Мы безмолвно смотрели на них. Все было необъяснимо, дико, но одно мы поняли: такая же метаморфоза произойдет и с нами, завтра и мы станем такими же.
Сам не помню, как я очутился в крытом кузове грузовика вместе с тремя десятками других мужчин. Грузовик сорвался с места и помчался на полной скорости в темноту, видно ничего не было, но по заносам и тряске чувствовалось, что дорога разбита и все время петляет.

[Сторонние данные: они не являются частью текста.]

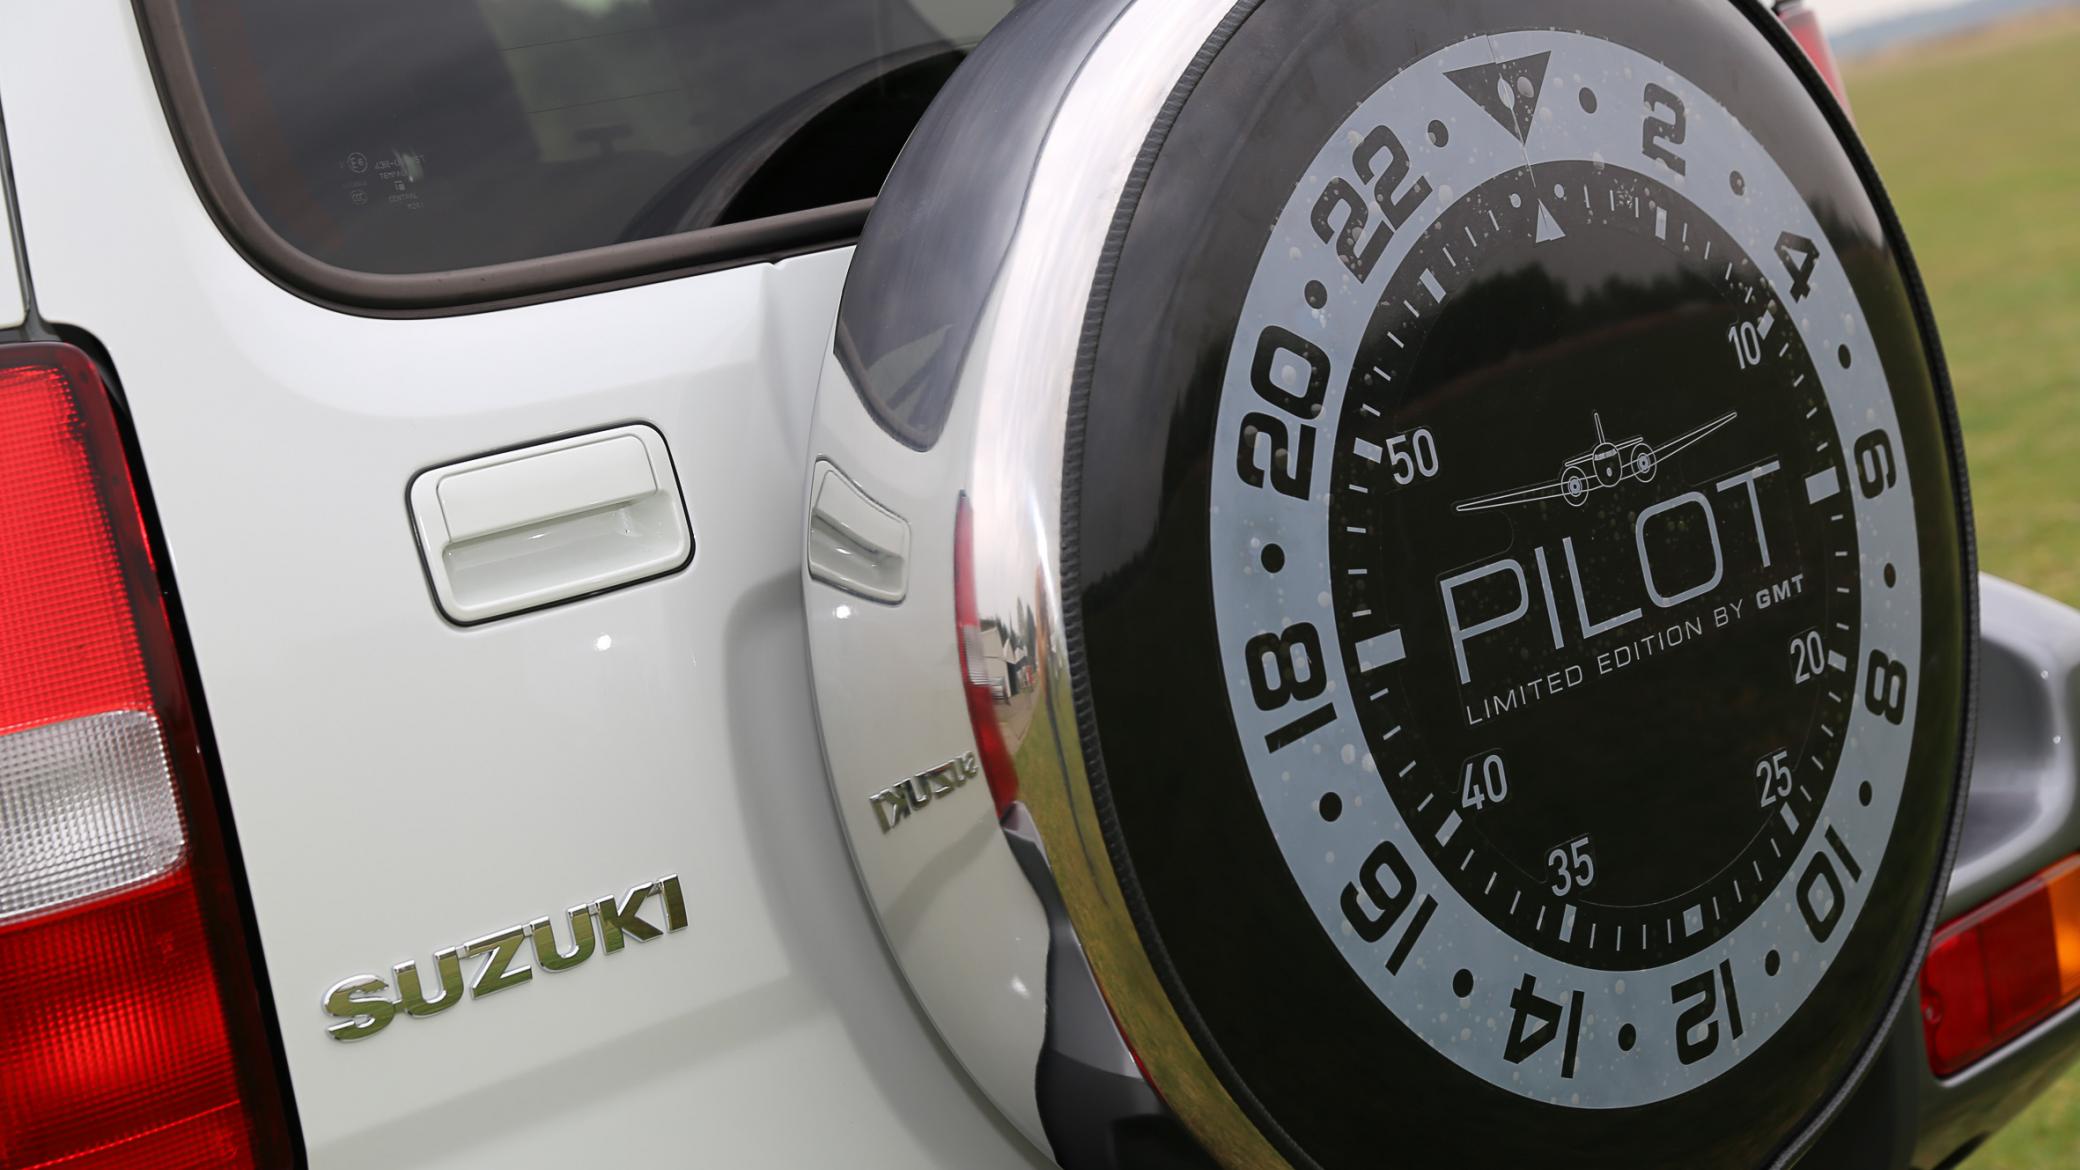 Suzuki Jimny Pilot
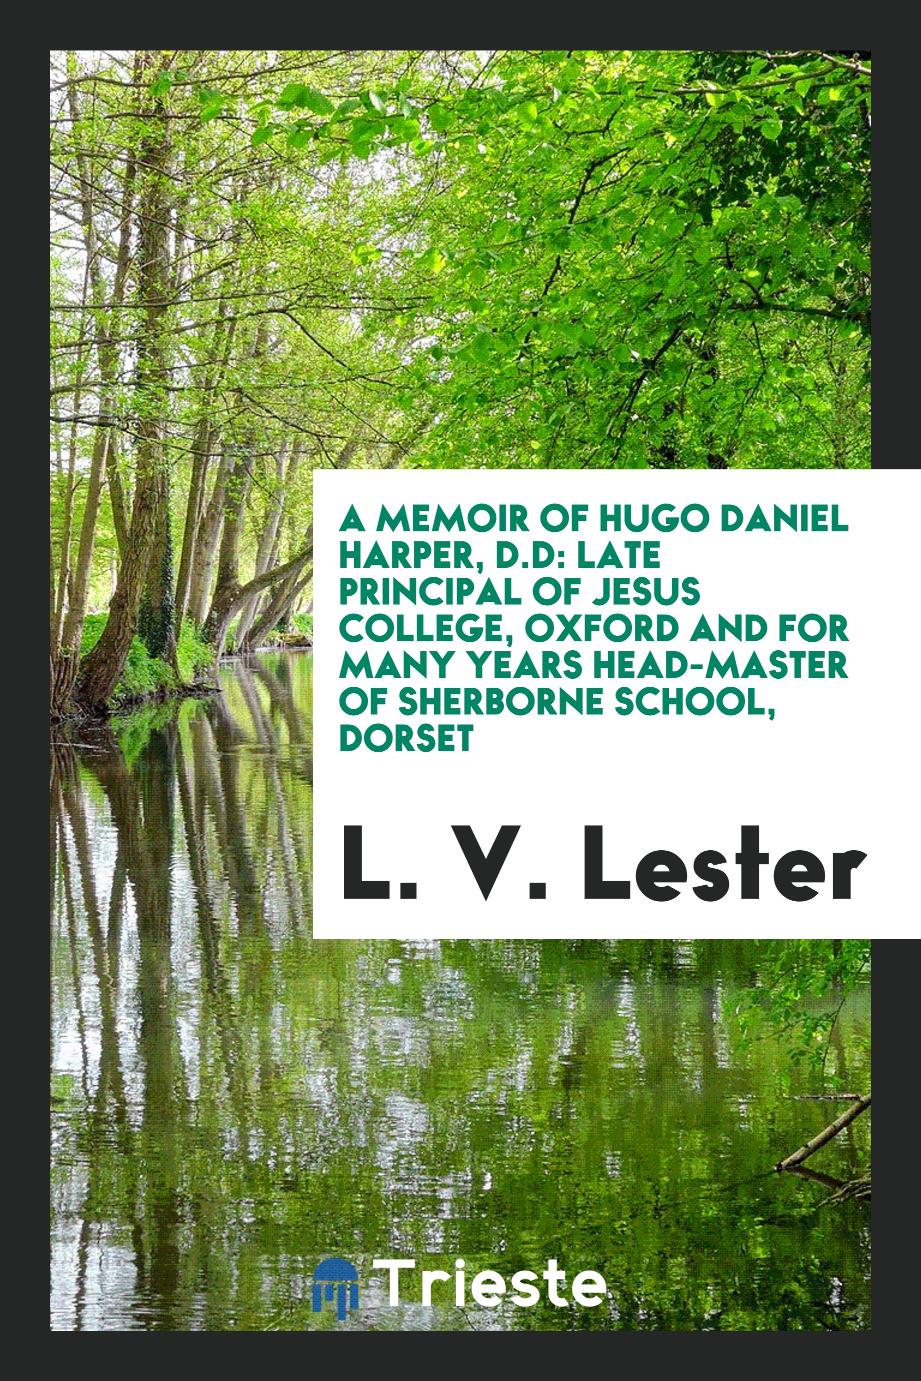 A Memoir of Hugo Daniel Harper, D.D: Late Principal of Jesus College, Oxford and for Many Years Head-Master of Sherborne School, Dorset

Едем без охраны? Может, спрыгнуть вниз? Слишком поздно, слишком поздно, мы и так летим «вниз». К тому же вскоре обнаруживается, что охрана есть, но несколько необычная: один-единственный немецкий солдат, правда вооруженный. Мы не видим в темноте оружия, но ощущаем его холодную твердость всякий раз, когда на вираже нас заносит то влево, то вправо. Солдат зажигает карманный фонарик, но вместо подходящего к случаю «О, горе вам, проклятый род!»[4], вежливо обращаясь к каждому, спрашивает по-немецки и с помощью жестов, есть ли у нас деньги и часы и не отдадим ли мы их ему, ведь нам самим они все равно больше не понадобятся. Ясно, что он действует не по приказу и не по инструкции, просто наш Харон решил проявить небольшую личную инициативу. Нам смешно и грустно, даже, как ни странно, на душе полегчало.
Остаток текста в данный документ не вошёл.